Ecco la nostra spedizione superleggera alla Sierra Nevada di S. Maria, il primo importante nodo montuoso delle Ande che sorge a II° di latitudine nord in territorio colombiano.
Girano le ruote delle camionette, arrancano sulla 'carrettera', guadando torrenti impetuosi, affrontano ripide balze schizzando melma da tutte le parti. Gli autisti, tipici avventurieri di questo tropico, fanno miracoli di abilità. Siamo sulla Sierra che qui chiamano Serrania, mentre quella alta, la nostra meta, semplicemente la Nevada.
Una pioggia torrenziale a 5 km, da Pueblo Bejo blocca le land rover. Le ruote slittano sulla strada ormai divenuta un pantano.
Scaricano i nostri bagagli senza molta esitazione, non c'è niente da fare, girano le land e prendono la strada per Valledupar lasciandoci in mezzo, al fango al nostro destino.

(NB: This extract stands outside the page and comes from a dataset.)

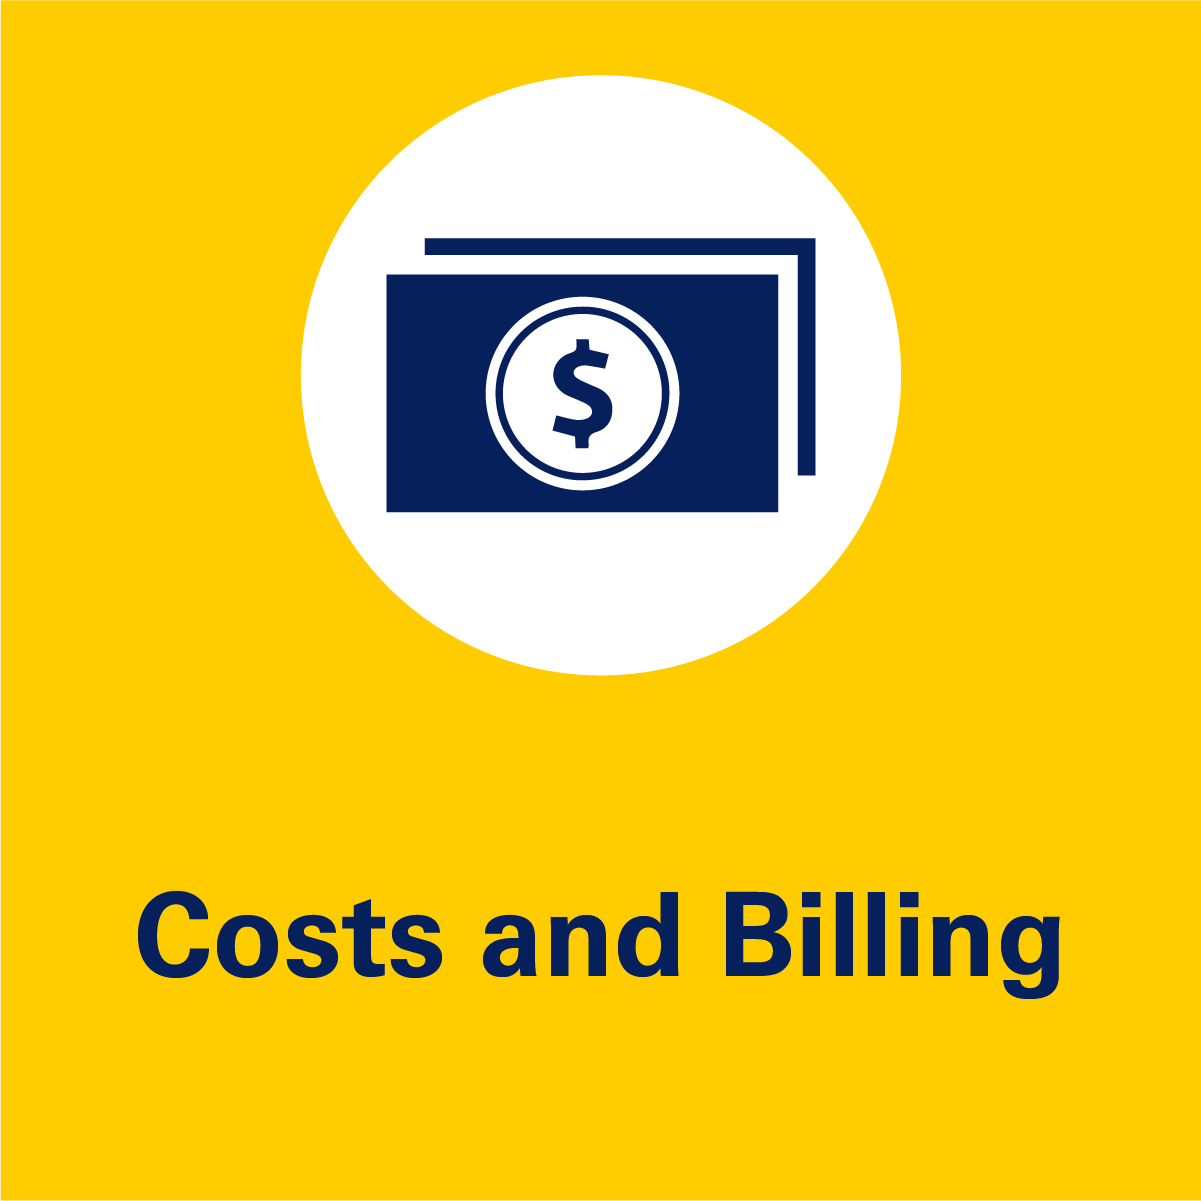 Costs and Billing
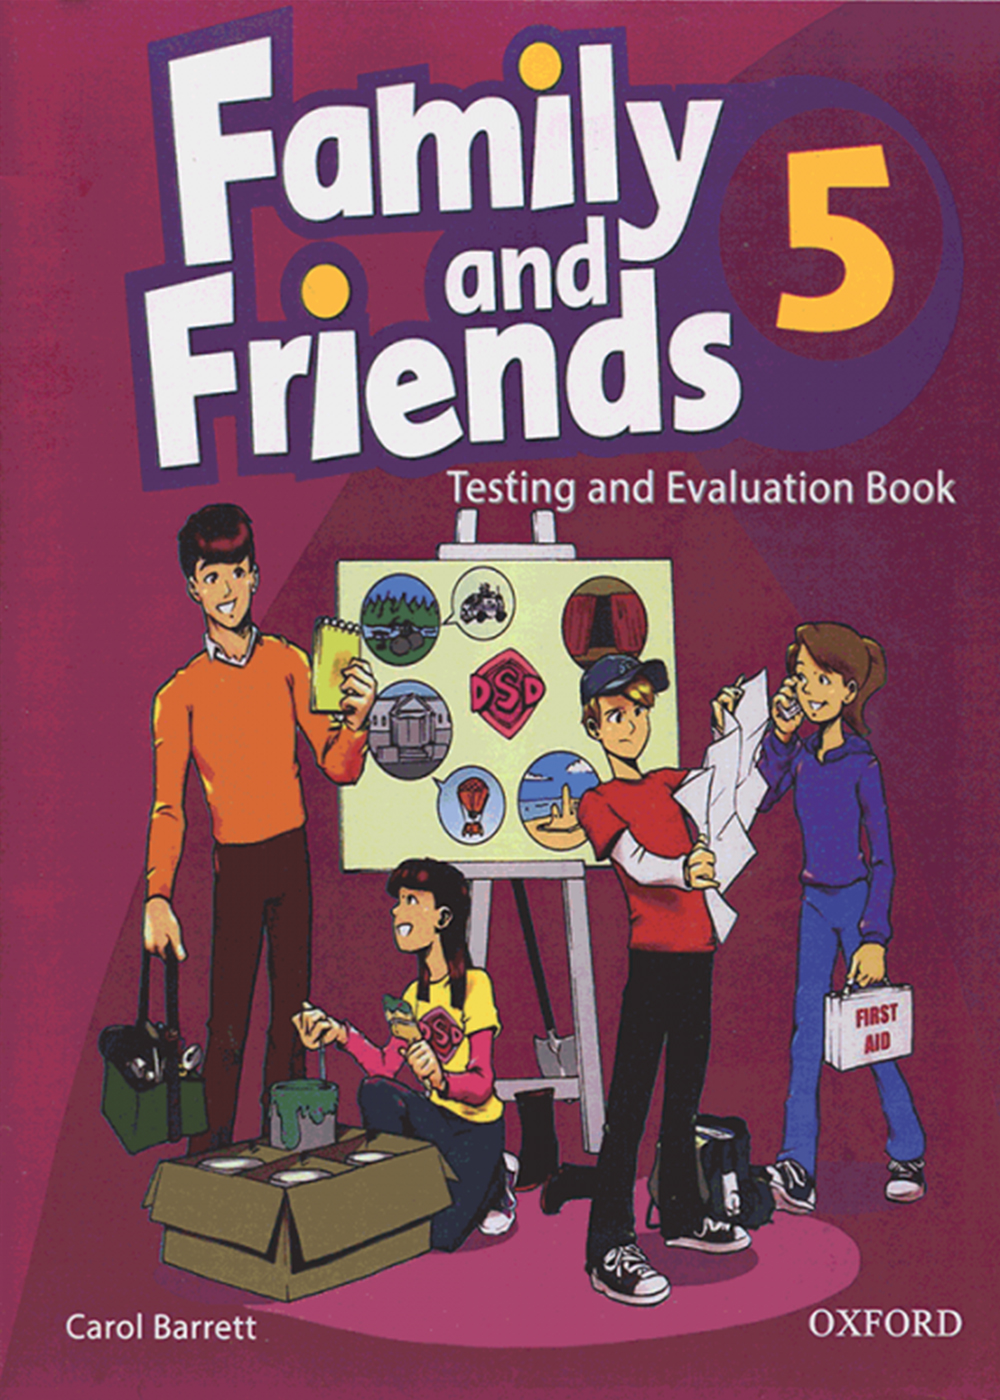 Friends 3 test book. Family and friends 5 Testing and evaluation book. Фэмили френдс 5. Family and friends 5 Workbook. Oxford Family and friends 5 класс.

Passano le ore e la pioggia si calma, un camion carico di mercanzie varie dopo una trattativa piuttosto lunga ci porta in salvo a Pueblo Bejo, un paese meraviglioso che fa onore al suo nome, ci accoglie con il profumo dei suoi oleandri.
La notte alloggiamo in uno pseudo albergo, è la notte di Natale, assistiamo in chiesa ad un matrimonio davvero singolare.
Proseguiamo il mattino a piedi per S. Sebastian de Rabago (1800 m) l'unica macchina a disposizione nel paese, un gaz russo porta lutto il bagaglio a S. Sebastian, altro meraviglioso 'pueblo', racchiuso in un ombroso bosco di pini e di eucaliptus.
Abbiamo la sfortuna di giungere al pueblo proprio quando era in pieno svolgimento un congresso di indios Arhuacos, in agitazione. Sono in contrasto con il governatore della regione in quanto questi non ha accettato certe loro proposte.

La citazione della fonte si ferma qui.